A unique 12-character code assigned to each individual recording or version of a recording (e.g., remixes, live versions).
Used globally for tracking royalties, sales, and usage on streaming services, radio, TV, and other media.
Ensures your recordings are properly credited and monetized wherever they are distributed or played.
Example ISRC Format: US-ABC-23-00001
US: Country code (where the ISRC is issued).
ABC: Registrant code (assigned to you).
23: Year of the recording release.
00001: Unique identifier for the recording.
Why Do You Need an ISRC?
Royalties: It ensures you get paid for your music when it’s played, streamed, or sold.
Tracking: It allows platforms and organizations to monitor the use of your recordings.
Professionalism: Having ISRCs is essential for releasing music on digital platforms like Spotify, Apple Music, or YouTube.
Copyright Management: It helps with managing your rights and ensuring proper attribution.
How to Obtain an ISRC
Through an ISRC Manager or Distributor:
Many digital distributors like CD Baby, DistroKid, or TuneCore can assign ISRCs for your tracks when you upload your music for distribution.
Often included as part of their service package.
Apply Directly for Your Own ISRC Registrant Code:
In the U.S., apply through the RIAA (Recording Industry Association of America): https://www.usisrc.org
Pay a one-time fee to become a registered ISRC Manager.
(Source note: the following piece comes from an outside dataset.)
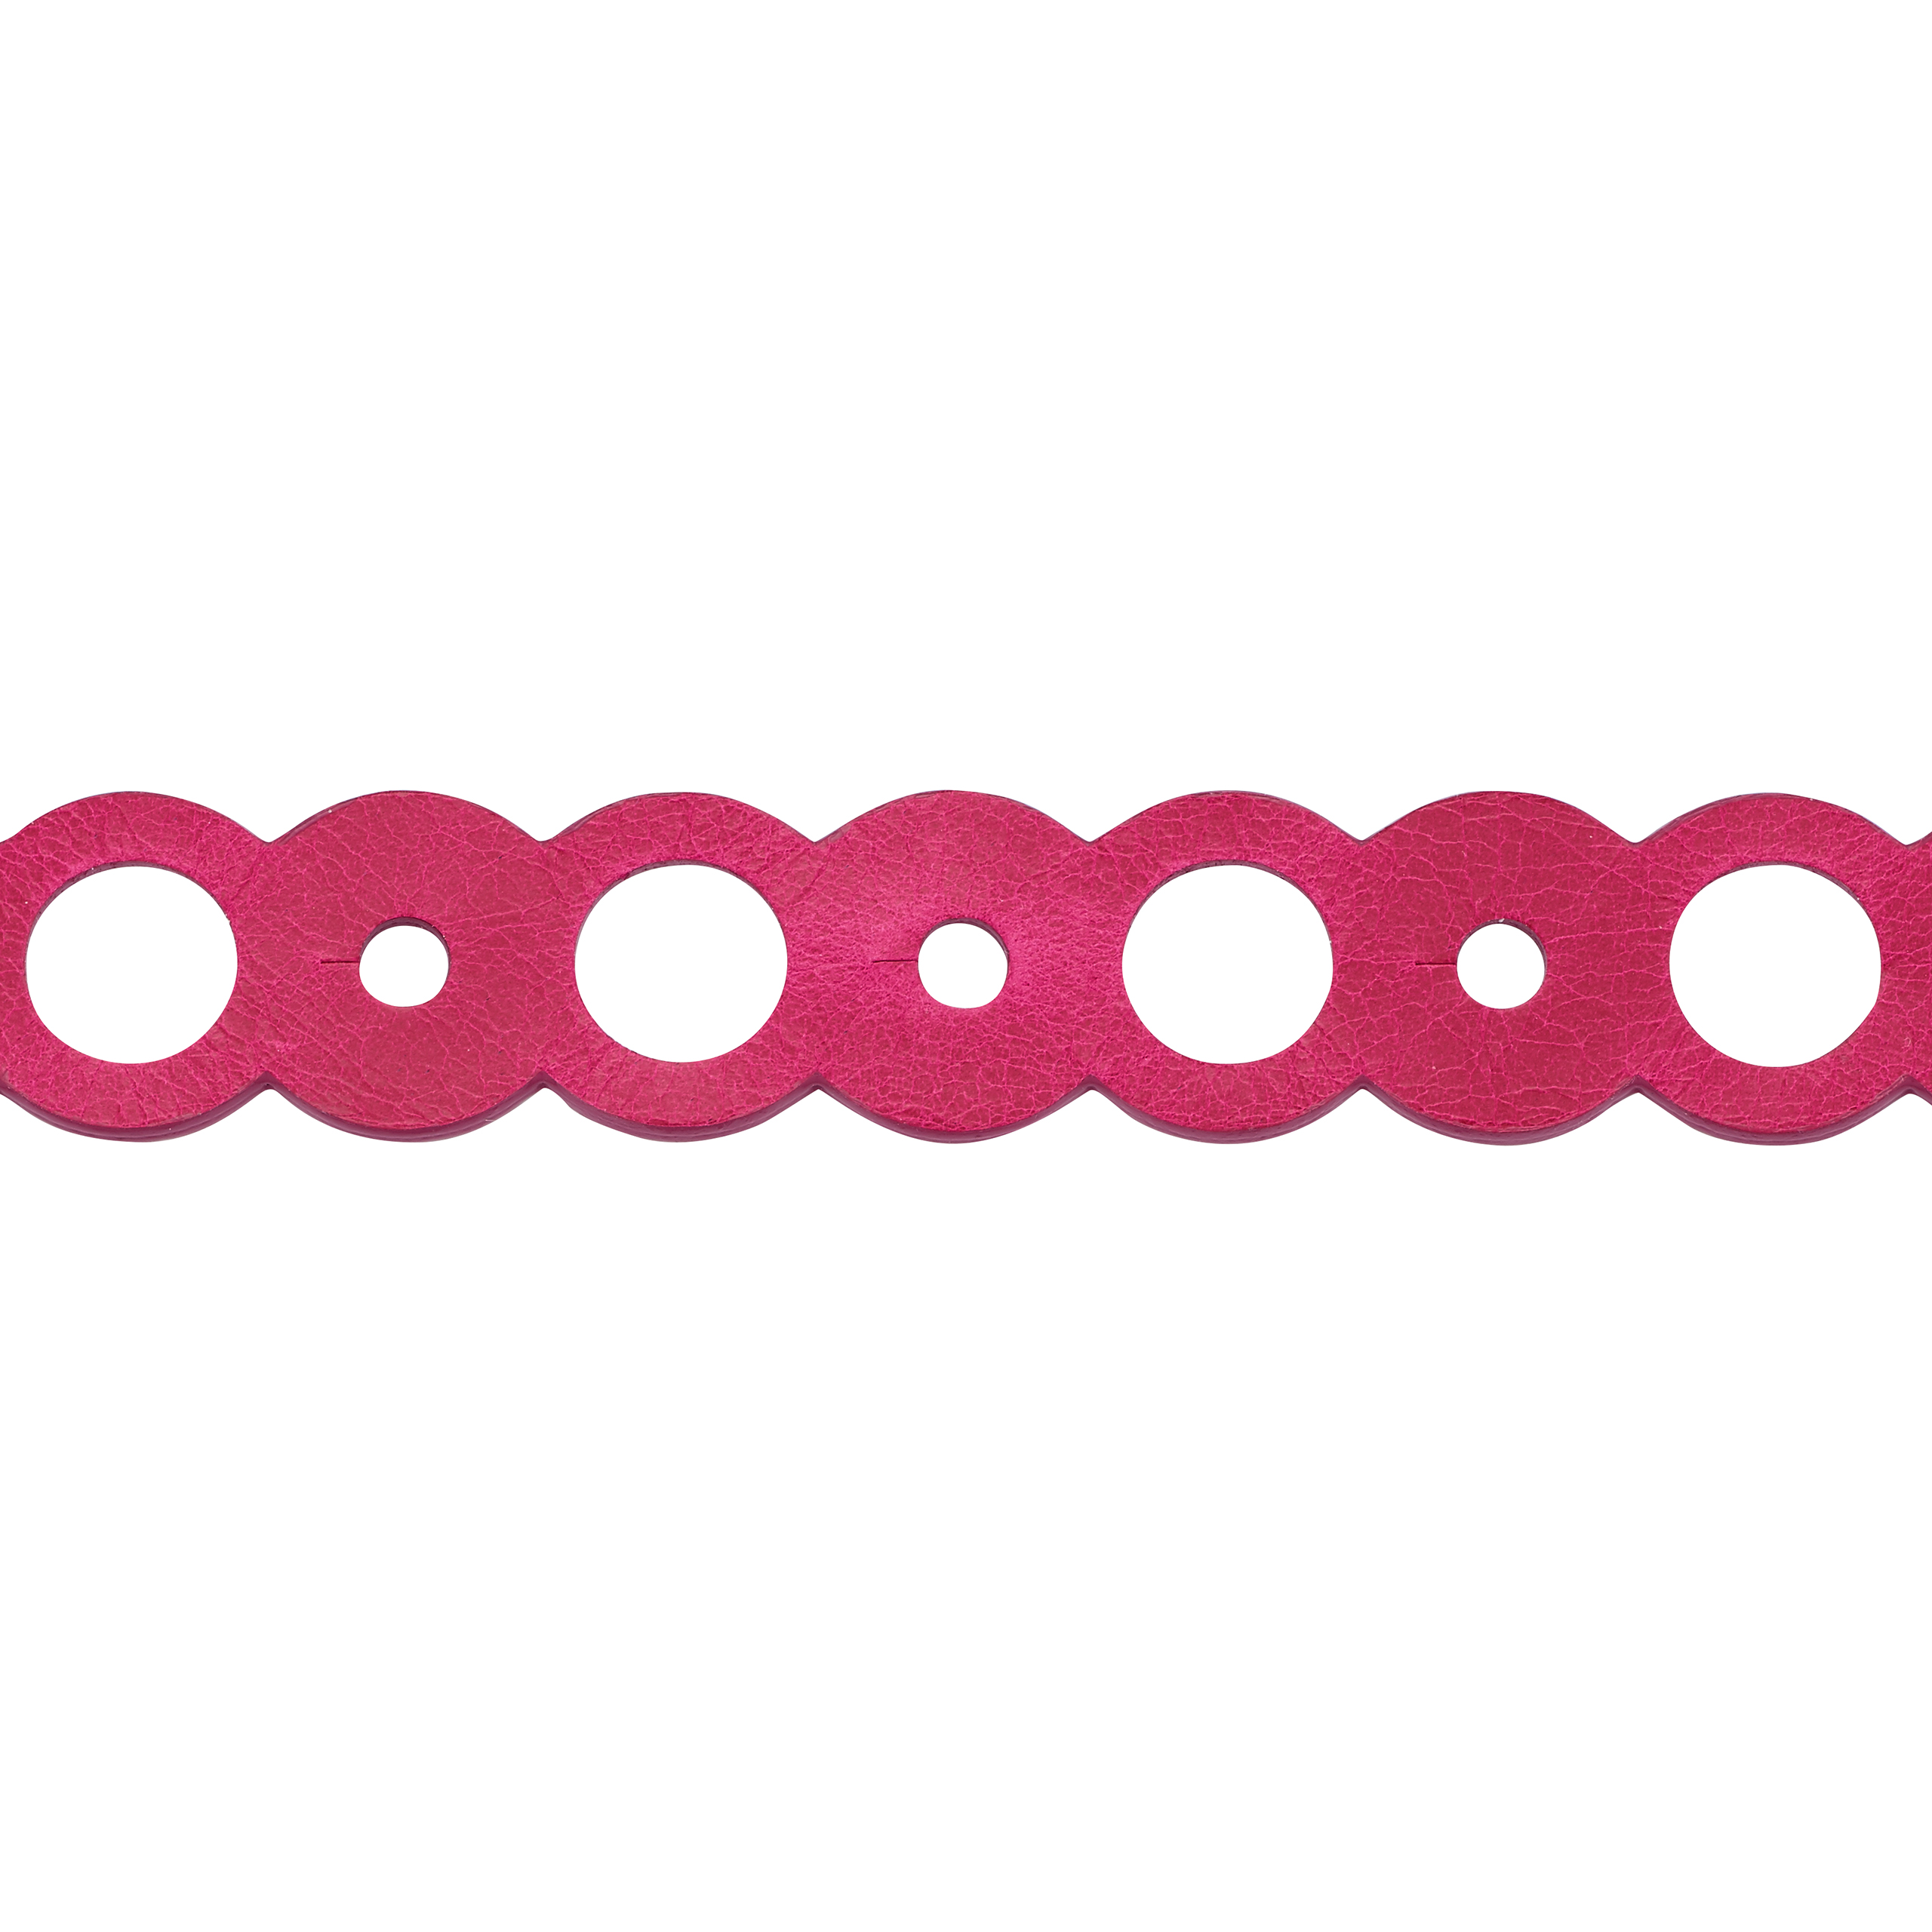 Bracelet, without clasp - Pin

This allows you to generate ISRCs for your own tracks indefinitely.
Outside the U.S., find the ISRC agency in your country via the IFPI website: https://www.ifpi.org/isrc
Free ISRC Assignment (Limited Control):
Some services offer free ISRCs, but these codes are often managed by the distributor or service, not you. This means less control over your metadata.
Cost of ISRCs
If obtained through a distributor: Usually included in the distribution fee.
If applying for your own code: The RIAA charges a one-time fee of $95 (in the U.S.) to become a registrant. You can then generate unlimited ISRCs for your recordings.
When Should You Get an ISRC?
Before releasing your music on streaming platforms or physical media.
For every unique version of a recording (e.g., radio edits, live recordings, remixes).
Steps to Generate ISRCs (If You’re a Registered Manager)
Log in to your ISRC account.
Enter the required information for the track (artist name, track title, year, etc.).
Generate and assign a unique ISRC to the recording.
Include the ISRC in your metadata when distributing your music.
Having ISRCs for your recordings ensures your music is identifiable, trackable, and ready for monetization in the digital age.